Example: Yo dawg, that's dope off da heezy!
@Dopeler Effect:= The tendency of stupid ideas to seem smarter when they come at you in rapid succession. (From the Washington Post Style Invitational, 1999)
Example: Only after I got out of that meeting did realize that it was just the presentation's Dopeler Effect that caused me to like the idea: a motel for chickens, adjoining all you can eat feedhouse, and KFC franchise right next door.
@dord:= A non-existent word entered in the second edition of Webster's New International Dictionary by mistake (that I feel sorry for and wish to submit it back into a dictionary).
Example: [see http://members.aol.com/gulfhigh2/words1.html for information]
@doris:= A parking spot right out front of where you want to be
Example: I'd thought I'd have to park miles away, but I jagged a doris.
@dork-style:= When you're sitting at a table by yourself in a restaurant or cafeteria--
because it makes you feel like a dork with no one else sitting with you.
Example: Ed: I'm back. Ted: Good, I was getting tired of rocking it dork-style.
@dorkana, dorkano:= Female form of the word dork.
As in the possible Spanish form.
Dorkano for males.
Used meaning stupid (in a funny way) or just not thinking.
This is not a mean term, but rather a term to jokingly make fun of someone and
bring attention to her action that caused her to look so goofy.
Example: Sally couldn't believe what a dorkano her friend was when he licked the ice
cream store sign's large ice cream cone.
@dorkasaurus:= Someone who is so intensely dorky, the word dork alone will not do her justice. See jerkosaurus.

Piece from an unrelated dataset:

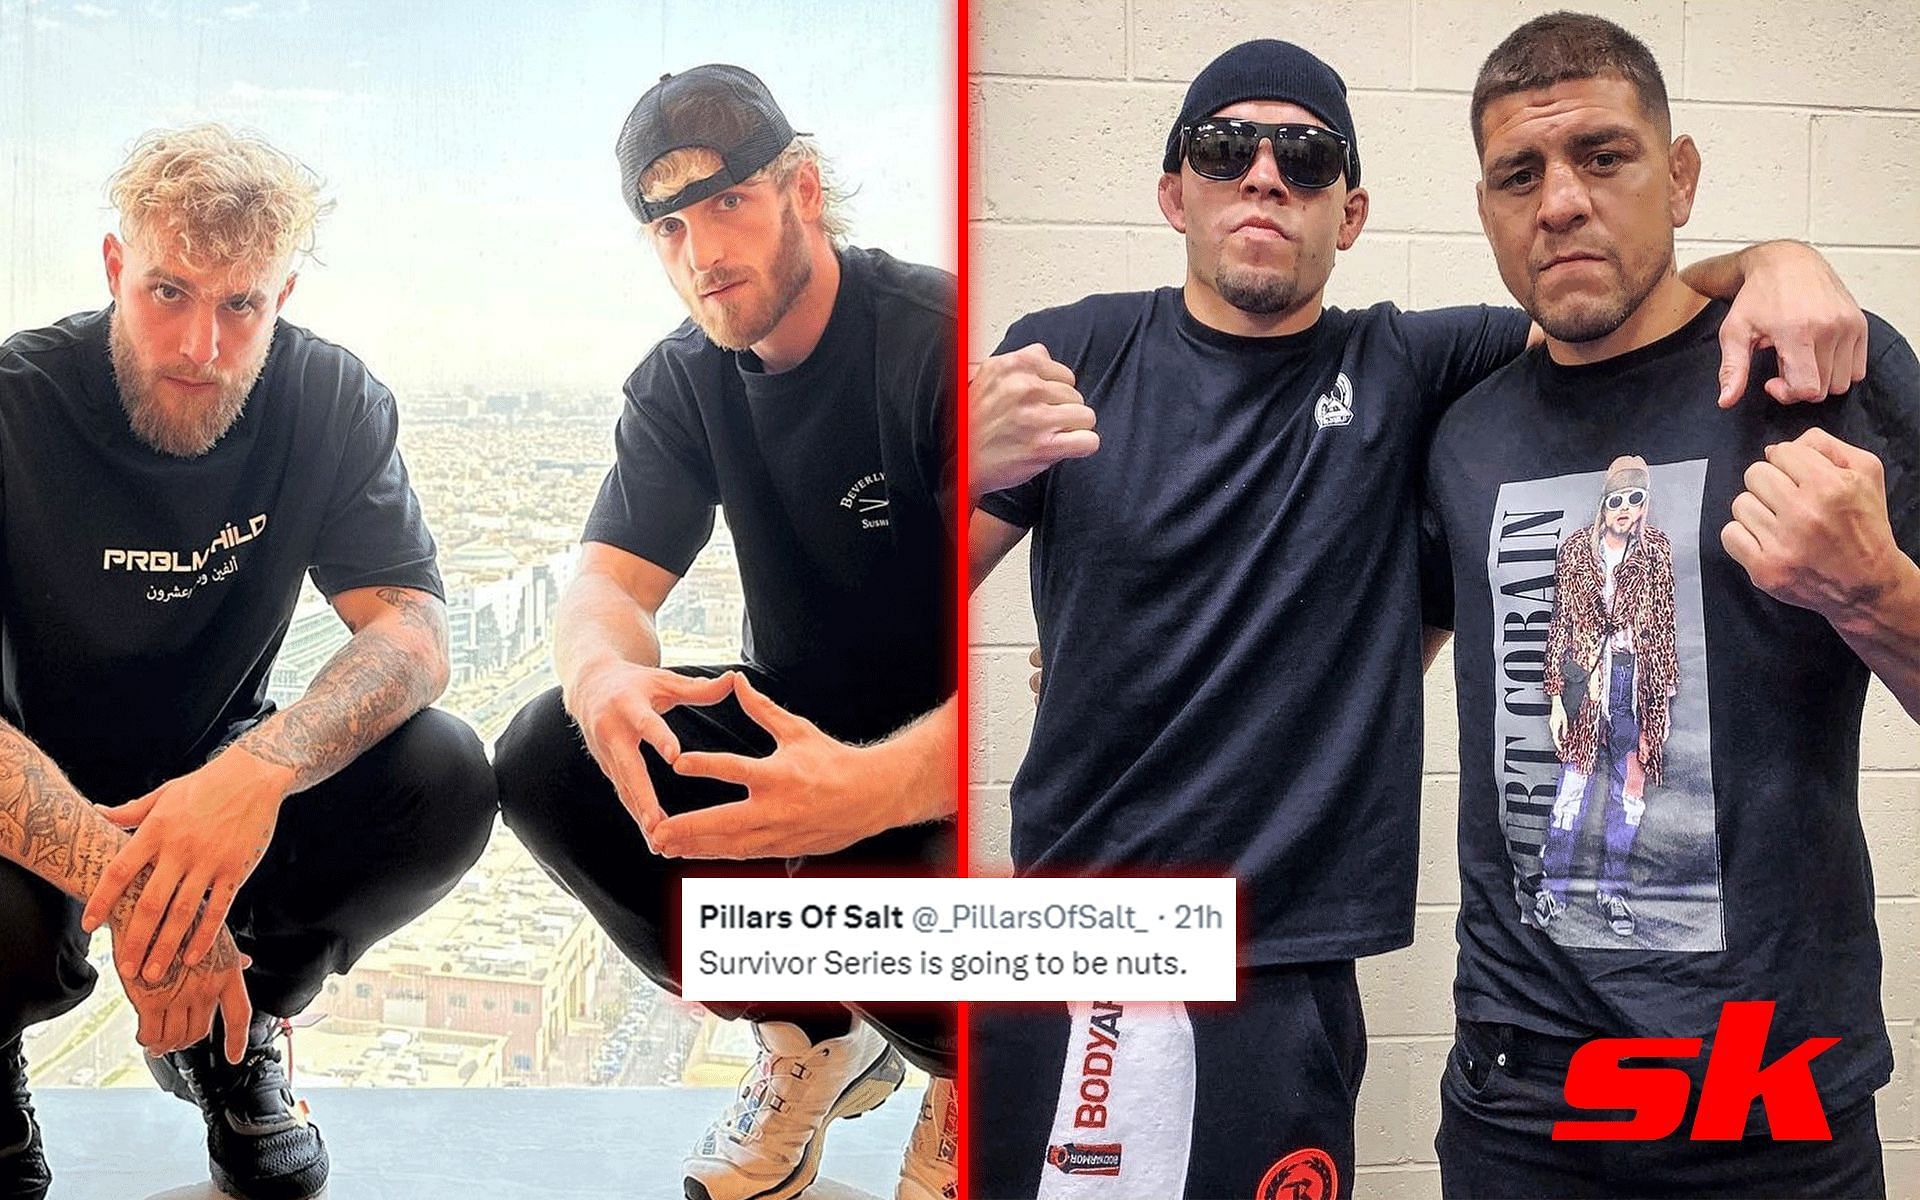 Paul brothers (Left) and Diaz brothers (Right) [Images via: @loganpaul and @nickdiaz209 on Instagram]

Example: Check out the pocket protector on that dorkasaurus. (See pocket protector at ridleypearson.)
@dorkified:= Something that has been made dorky.
Example: My brother got dorkified when he turned thirteen.
@dorkify:= Used as a transitive verb:to debase or make nerdy or unweildy or any other negative connotation.
Example: You know, you dorkify everything you touch. Nice blouse, nice skirt--but stripes and plaids don't match. Change something.
@dorkis maximus:= A person who attempts to do the right thing (save the trees) but ends up tripping over a log, inhabited by rabid squirrels, who then rampage out biting all the birds and the bees in the forest, thus producing rabid honey that is fed to infants under three
years old which causes a horrible decline in the human population.
As everyone turns to said Dorkis as she falls face-flat into a mud puddle with mud guppies jumping all over her.
Example: Sherry, dubbed Dorkis Maximus, always tries to do the right thing but somehow fails, causing more problems than she fixed; we love her anyway.
@dorko:= Less offensive form of jackass.
Example: Hey, dorko. Watch where you're going.
@dorkus amorkus:= Someone beyond being a dork.
Example: Sup, dorkus amorkus?
@dorkus ficus:= A dork, nerd.
Example: Quit being such a dorkus ficus.
@dorkus malorkus:= a huge dork.
Example: hey you idiot! it's not dorkus amorkus, you dorkus malorkus!
@Dorm food:= Food in name only, this material is manufactured from wool and garbanzo beans and delivered to dorm cafeterias the world over. Its only useful function is that you get money from your parents by claiming you will buy and eat it. Don't.
Example: This lentil pie your mom made is dorm food. Let's go get anything else and eat that instead.
@dorniker:= Large stone or rock. A dorniker is a large stone that hinders your work in the field, work such as plowing or
disking. It's not in any dictionary and seems to be a local term, not a made-up word on my part.
Maybe someone has heard of it.
Example: Rats, broke my blade on a dorniker again.
@dorsajar:= Unfinished feeling you are left with when you go to do something, get distracted, and temporarily forget what it was you were going to do. Similar to deja vu. From the car alert prompt The door is ajar.
Example: I was running late so I put the wine in the freezer to chill, but then when the guests arrived, I totally forgot to take it out.
Half listening to the conversation with lingering dorsajar , I kept double-checking the nibbles.